[EXERCISE AIM]
What you return should be only the lines in the entries below between the one holding "Houses in Greenland like sprinkles." and the one holding "#colorpalette #greenland #greenlandclture", ends included, with every picture left out.

DATA TO USE Block Start

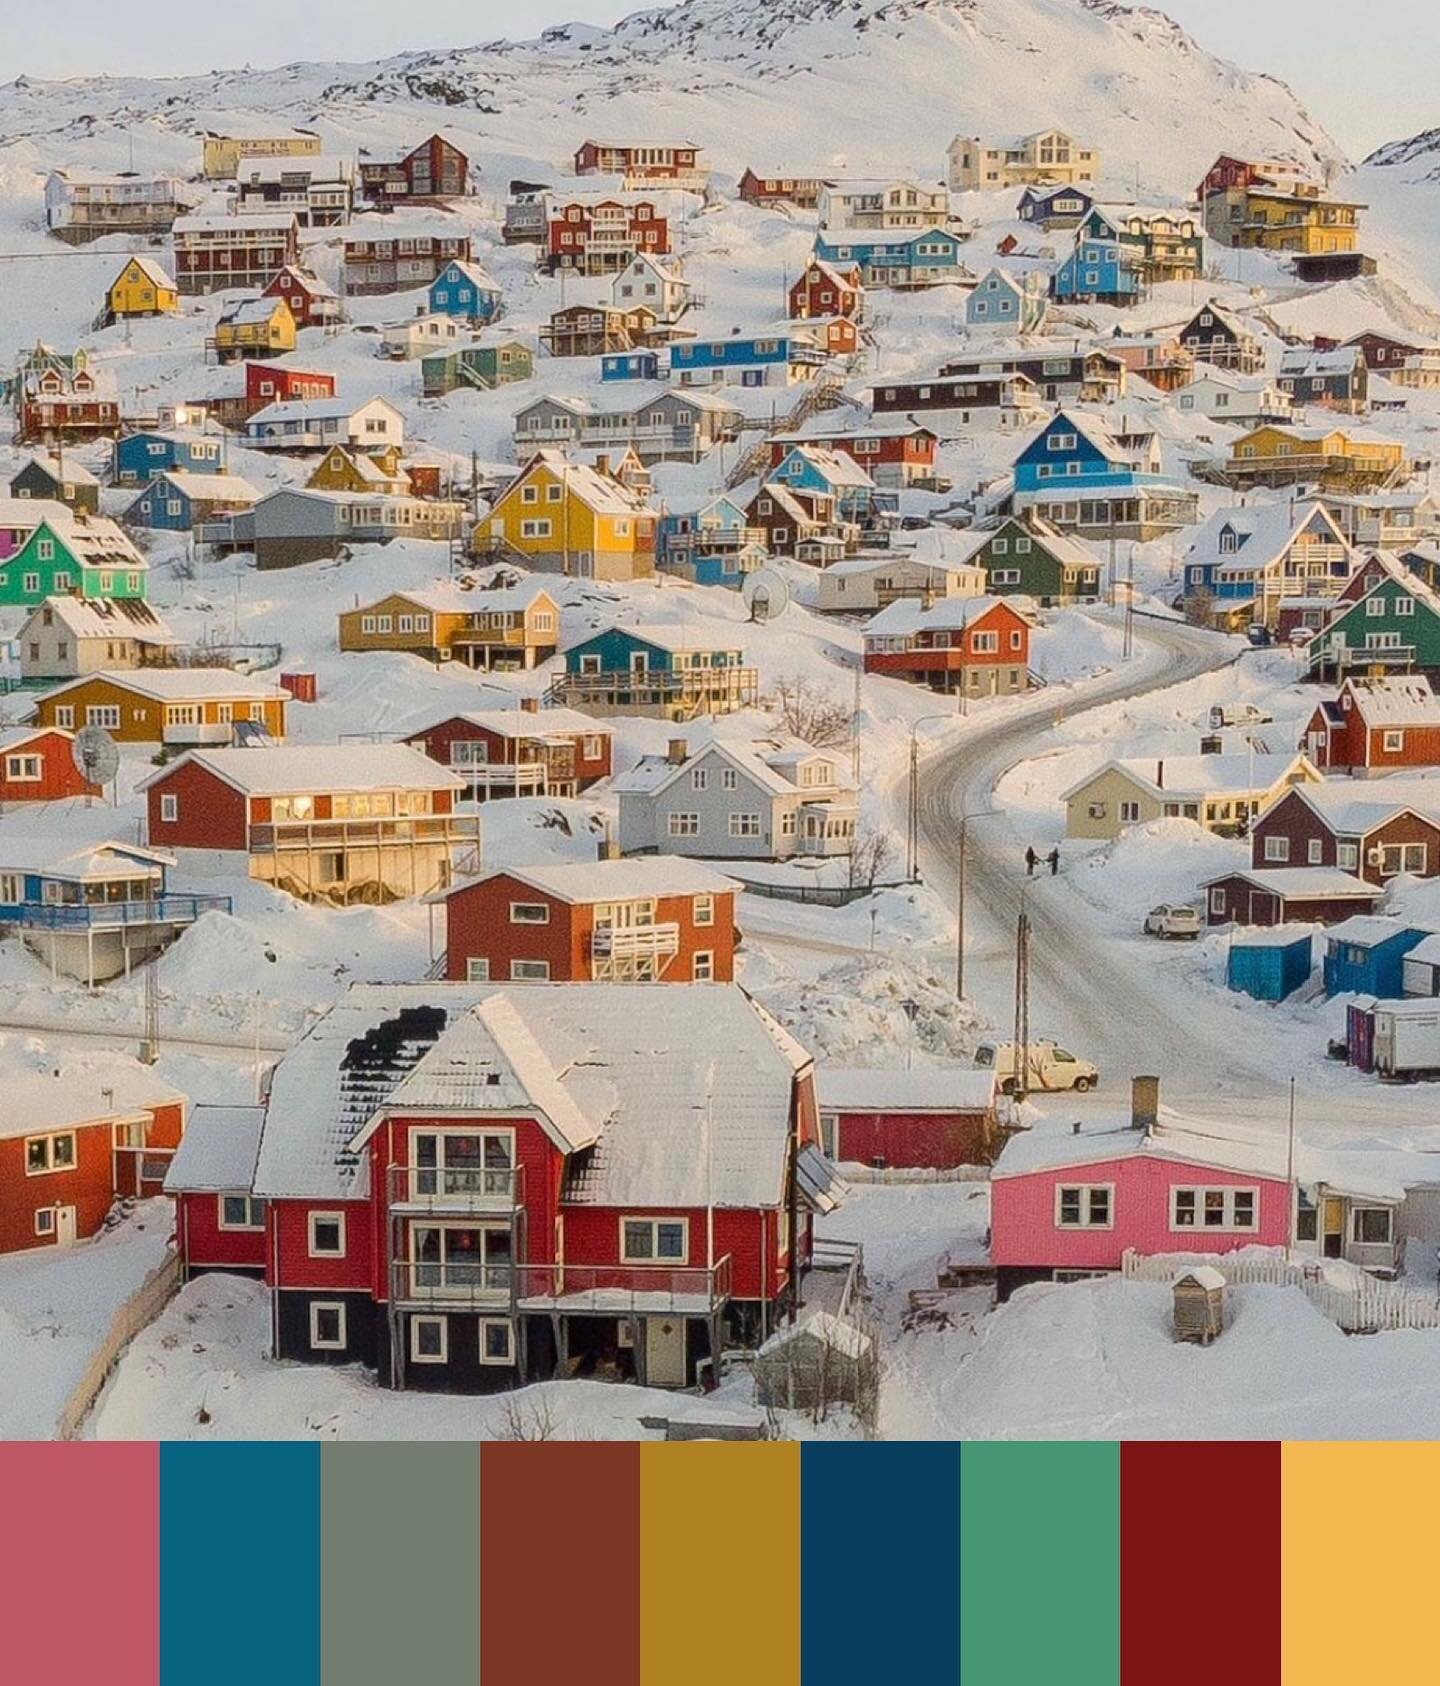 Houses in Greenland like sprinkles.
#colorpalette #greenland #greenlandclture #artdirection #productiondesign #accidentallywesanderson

DATA TO USE Block End
DATA TO USE Block Start

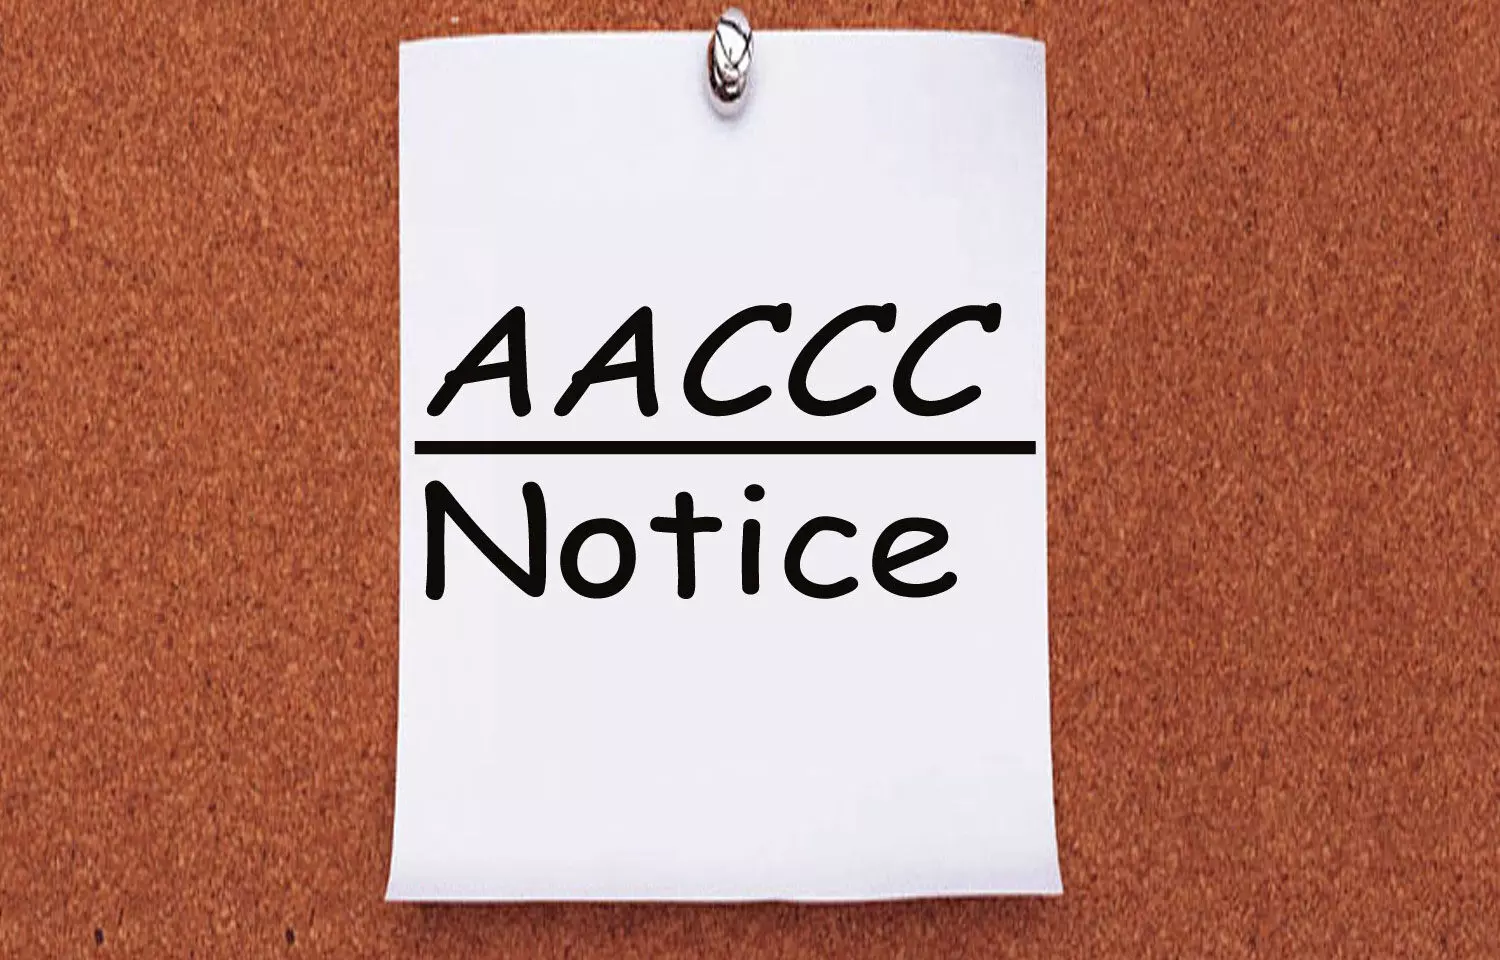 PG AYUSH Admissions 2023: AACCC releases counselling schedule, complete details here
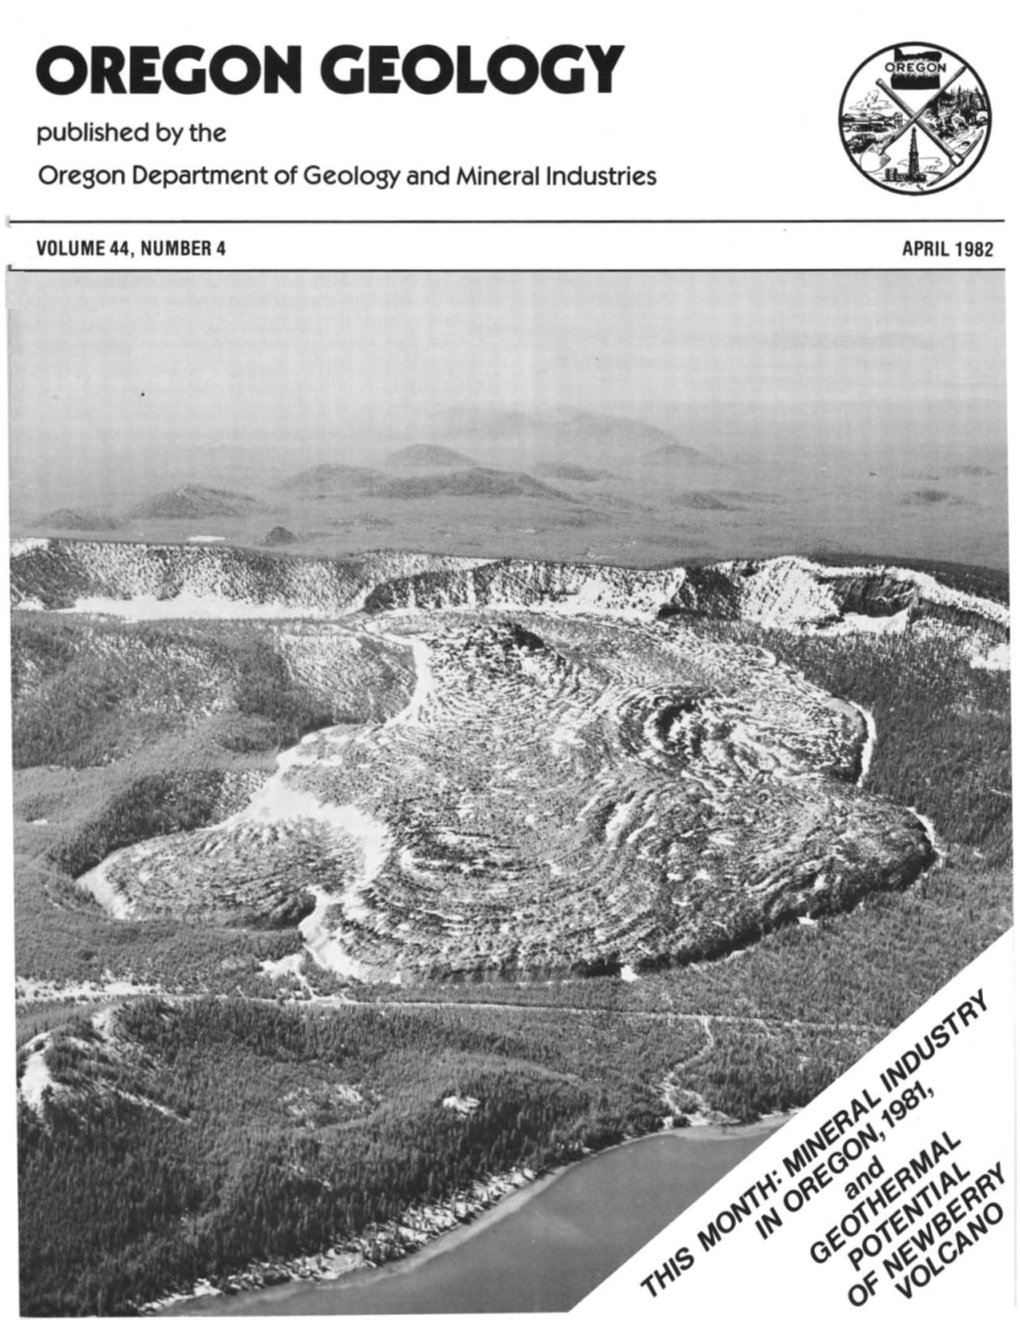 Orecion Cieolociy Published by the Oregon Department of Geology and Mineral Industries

DATA TO USE Block End
DATA TO USE Block Start

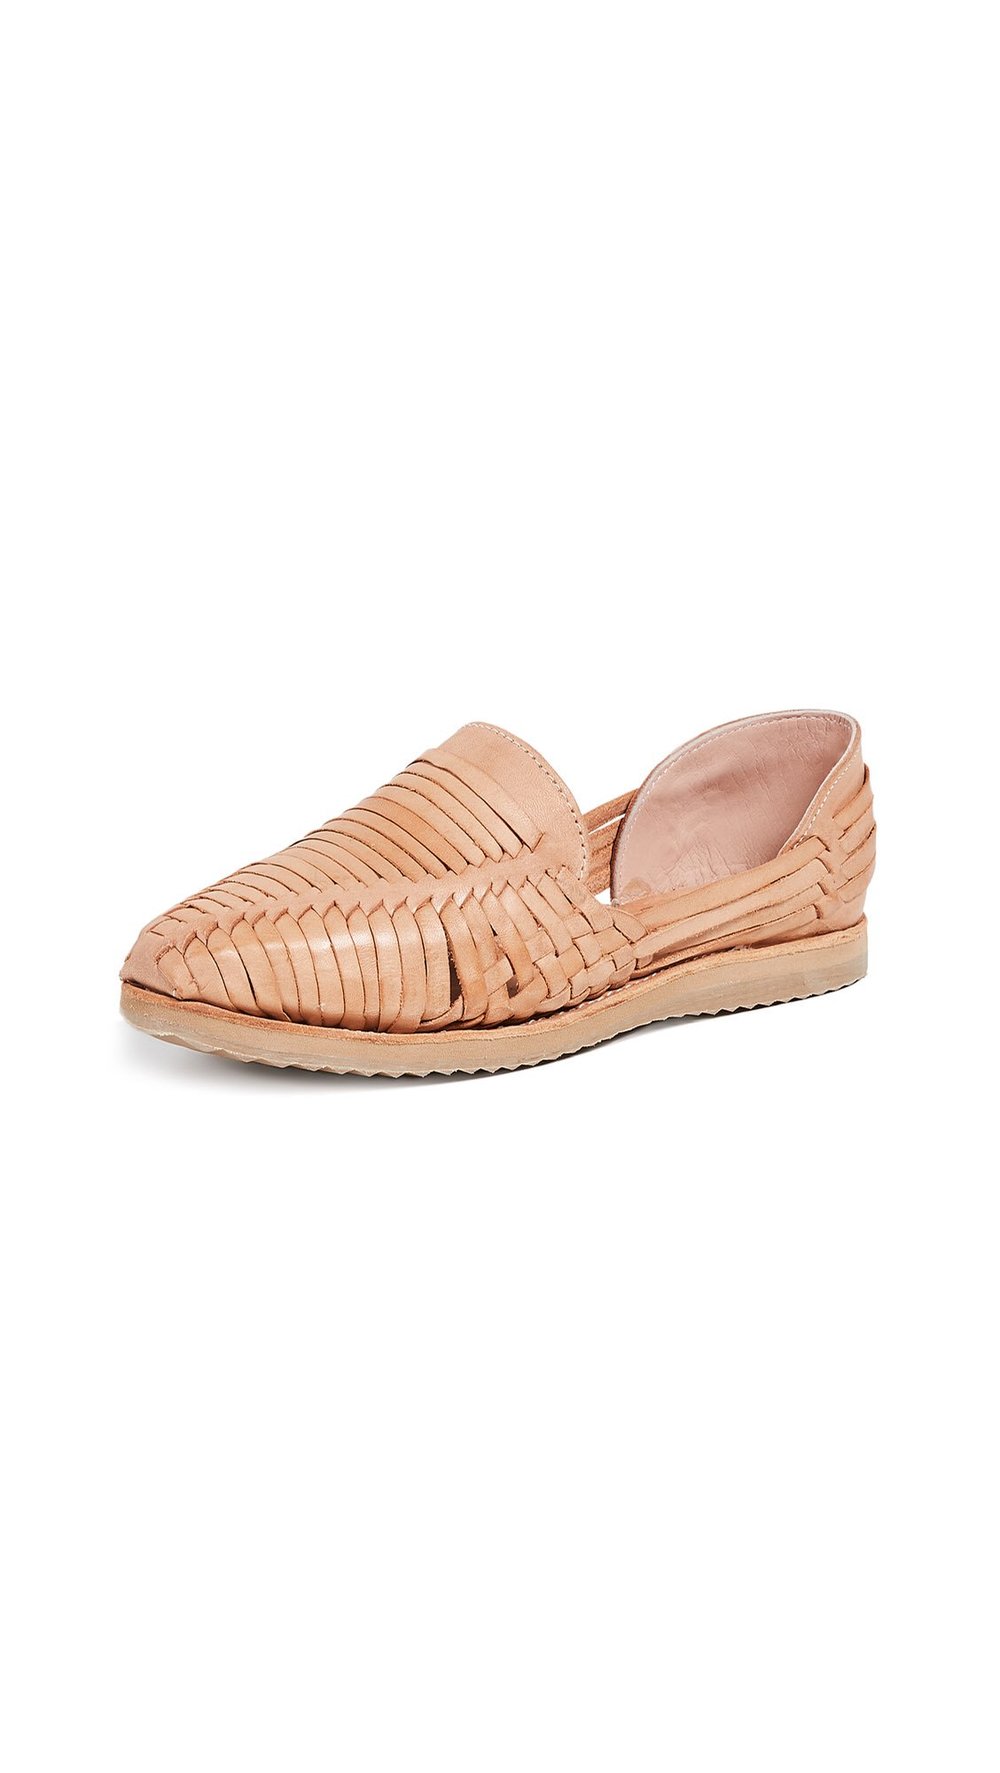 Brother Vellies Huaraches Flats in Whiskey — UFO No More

DATA TO USE Block End

[RESULT OF THIS TASK]
 Houses in Greenland like sprinkles.
#colorpalette #greenland #greenlandclture #artdirection #productiondesign #accidentallywesanderson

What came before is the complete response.